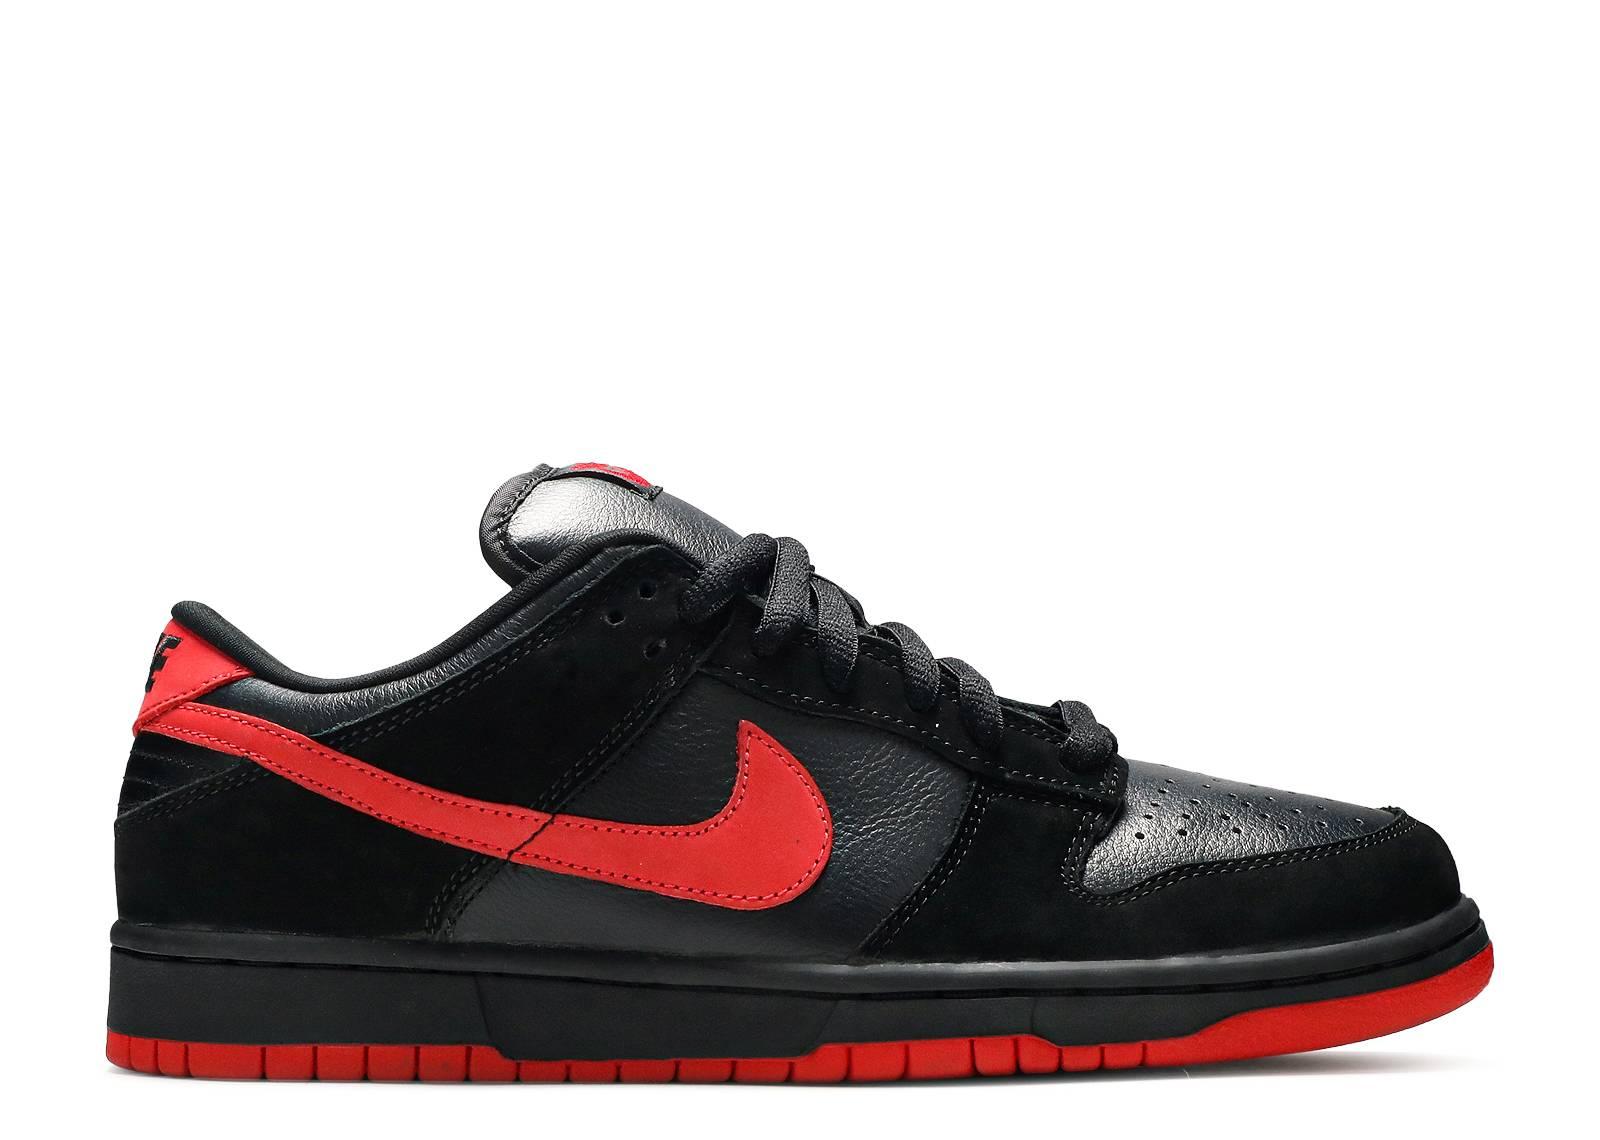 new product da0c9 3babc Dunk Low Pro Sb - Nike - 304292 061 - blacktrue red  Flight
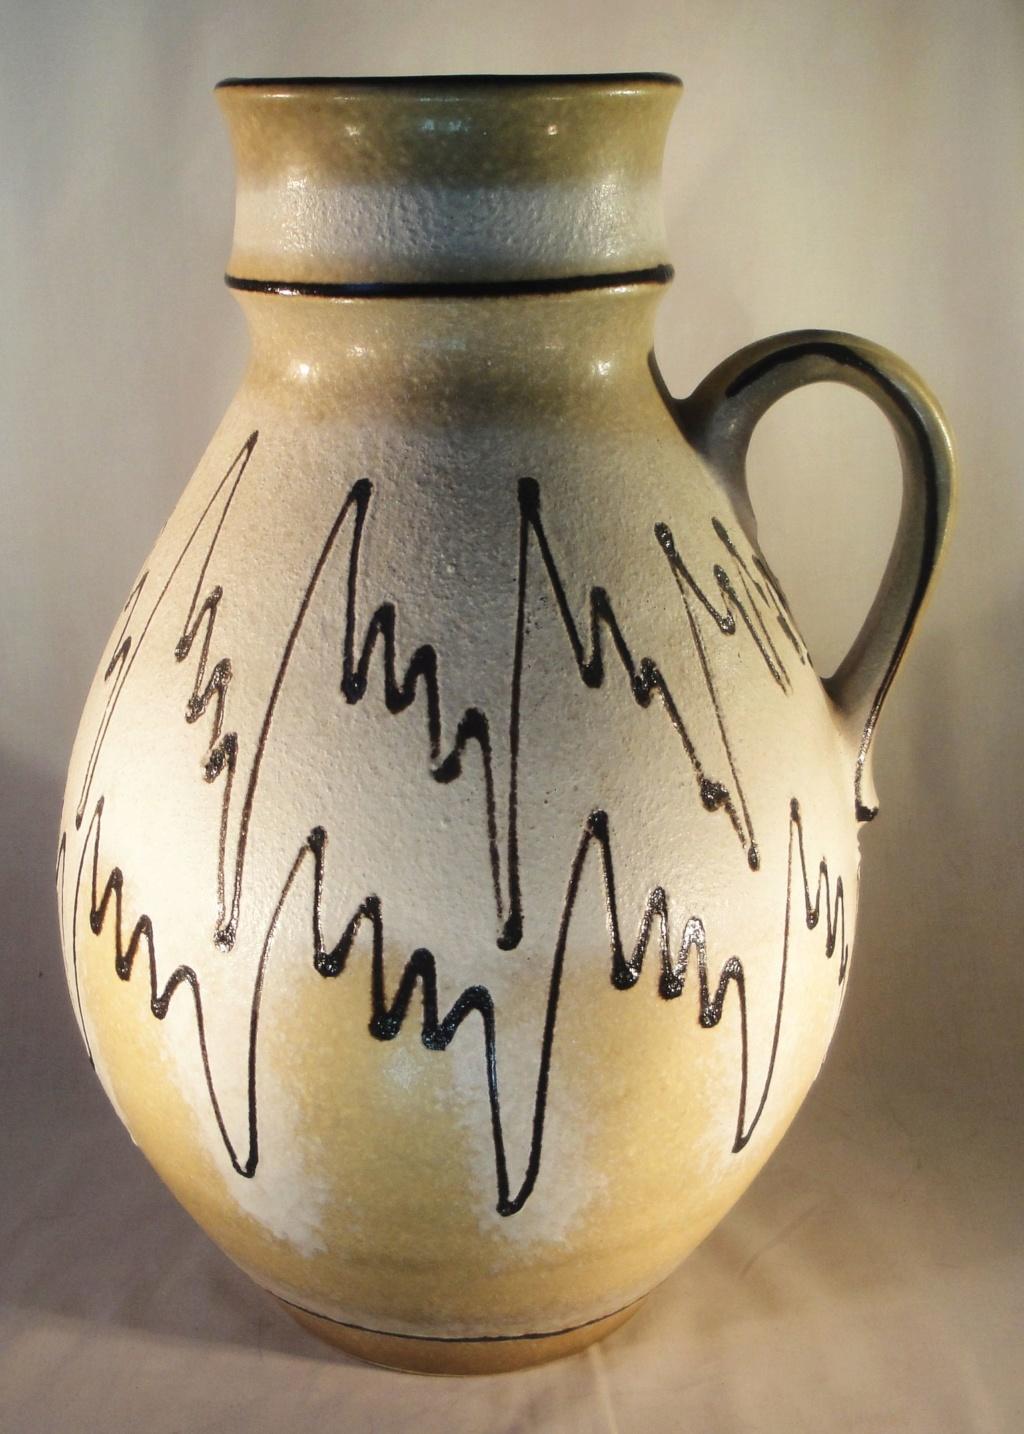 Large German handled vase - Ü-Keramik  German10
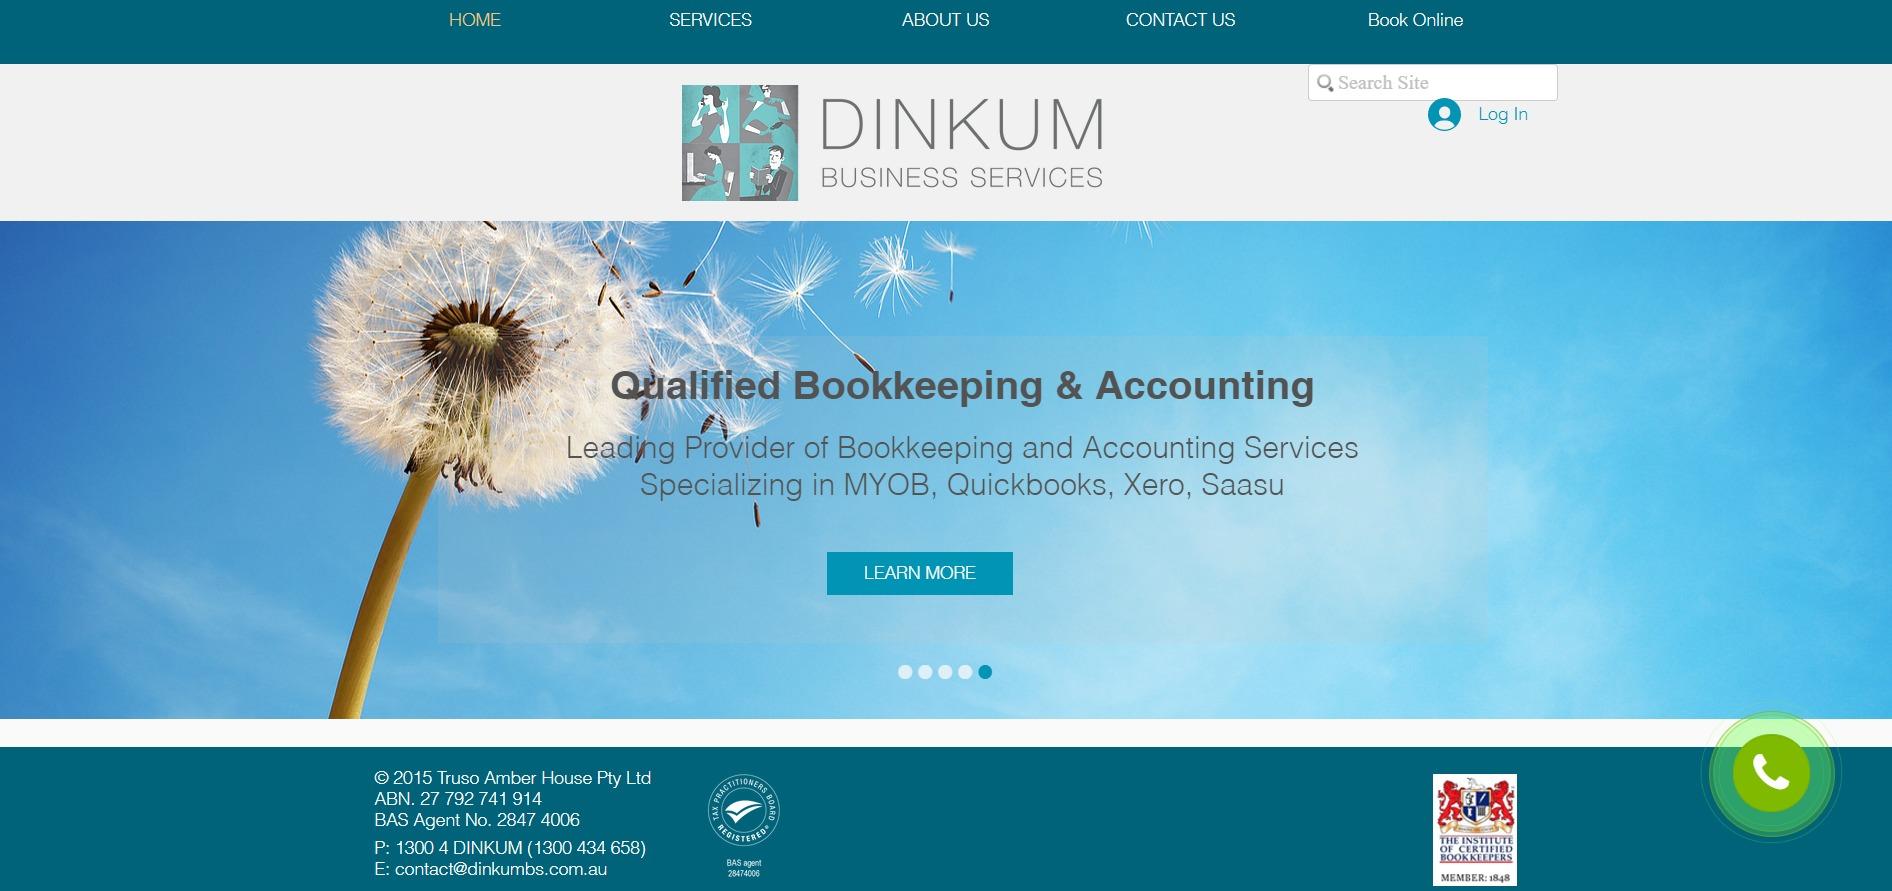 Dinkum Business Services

_ _ _ _

=== Directions ===
Could every line above be set down exactly, with the pictures omitted?

=== Finished exercise ===
 new product da0c9 3babc Dunk Low Pro Sb - Nike - 304292 061 - blacktrue red  Flight
 Large German handled vase - Ü-Keramik  German10
 Dinkum Business Services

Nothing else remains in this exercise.